Tribesman killed for resisting Saudi robot city?
Saudi activists and dissidents are disputing official accounts alleging that a northern tribesman who refused government orders to surrender his home to make way for a new mega-project was killed in a shoot-out with security forces. Authorities say Abdul Rahim Ahmad al-Hwaiti, from Tabuk province on the Red Sea, was a "wanted terrorist" who opened fire on State Security agents when they arrived at his home in Khraybah town April 15. But the incident came two days after al-Hwaiti posted a video statement saying he and other local residents were being pressured by the government to give up their properties and accept financial compensation.
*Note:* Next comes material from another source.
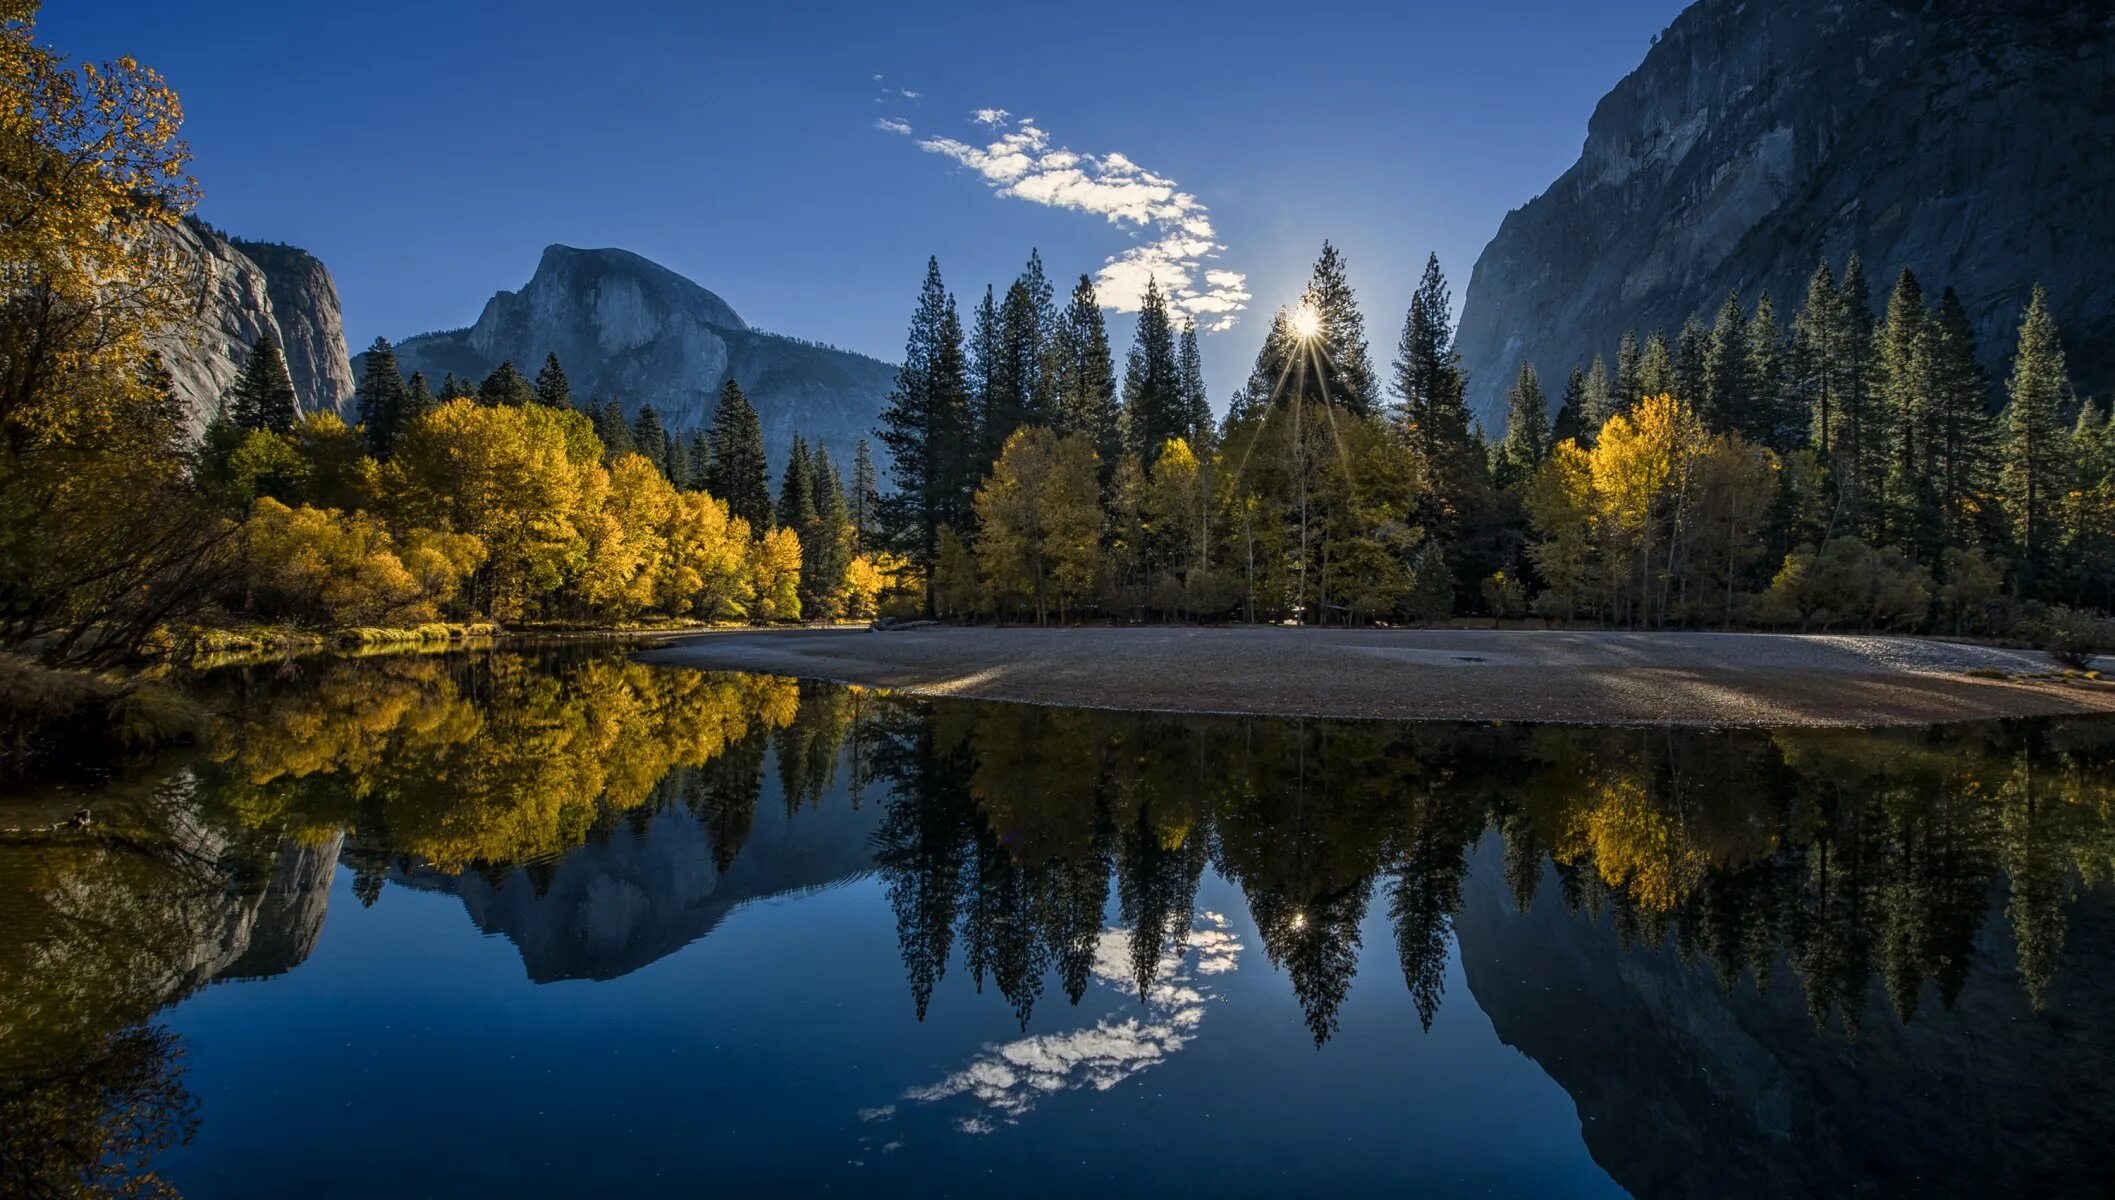 Картинка на обои высокого качества. Национальный парк Йосемити Калифорния США. Йосемити национальный парк осенью. Йосемити парк озеро. Красота природы.

Al-Hwaiti, a member of the powerful al-Huwaitat tribe, said: "Anyone who refuses to leave the area would be arrested by government agents." He accused the government of a policy of "forced displacement."
Land conflicts escalate in Indonesia
Agribusiness and resource companies embroiled in land disputes with rural communities in Indonesia appear to be using the lull in oversight during the COVID-19 outbreak to strengthen their claims to contested areas. Since the first confirmed cases of the disease were reported in the country on March 2, two local land defenders have been killed and four arrested in connection with disputes in Sumatra, Java and Borneo.
Africa mining confab urged to address human rights
Amnesty International on Feb. 3 urged participants in an international mining conference in South Africa to address human rights violations. African Mining Indaba, a conference centered on promoting the industry on the continent, is set to run this week, but several civil organizations, including Amnesty, are holding their own conference for the eleventh time to bring attention to claims of rights violations in the mining industry in Africa. Amnesty director for East and Southern Africa Deprose Muchena said in statement: "From child labour in the Democratic Republic of Congo to squalid living conditions for workers at South Africa's Marikana mine, the mining industry is tainted with human rights abuses. Mining firms have often caused or contributed to human rights abuses in pursuit of profit while governments have been too weak in regulating them effectively."
Indigenous rainforest dwellers massacred in Nicaragua
Six members of the Mayagna indigenous people are dead and another 10 missing following an attack by gunmen on the community of Alal, within the UN-recognized Bosawás Biosphere Reserve in Nicaragua's eastern rainforest. Sebastián Lino, a member of the autonomous Mayagna Territorial Government of Sauni As, said that some 80 men armed with rifles and shotguns entered the community Jan. 29, firing indiscriminately on residents and setting homes on fire. Lino described the assailants as colonos, or peasant colonists who have been invading the reserve in growing numbers, illegally clearing forest and settling on indigenous lands. "The situation has gotten serious," he said, demanding government action.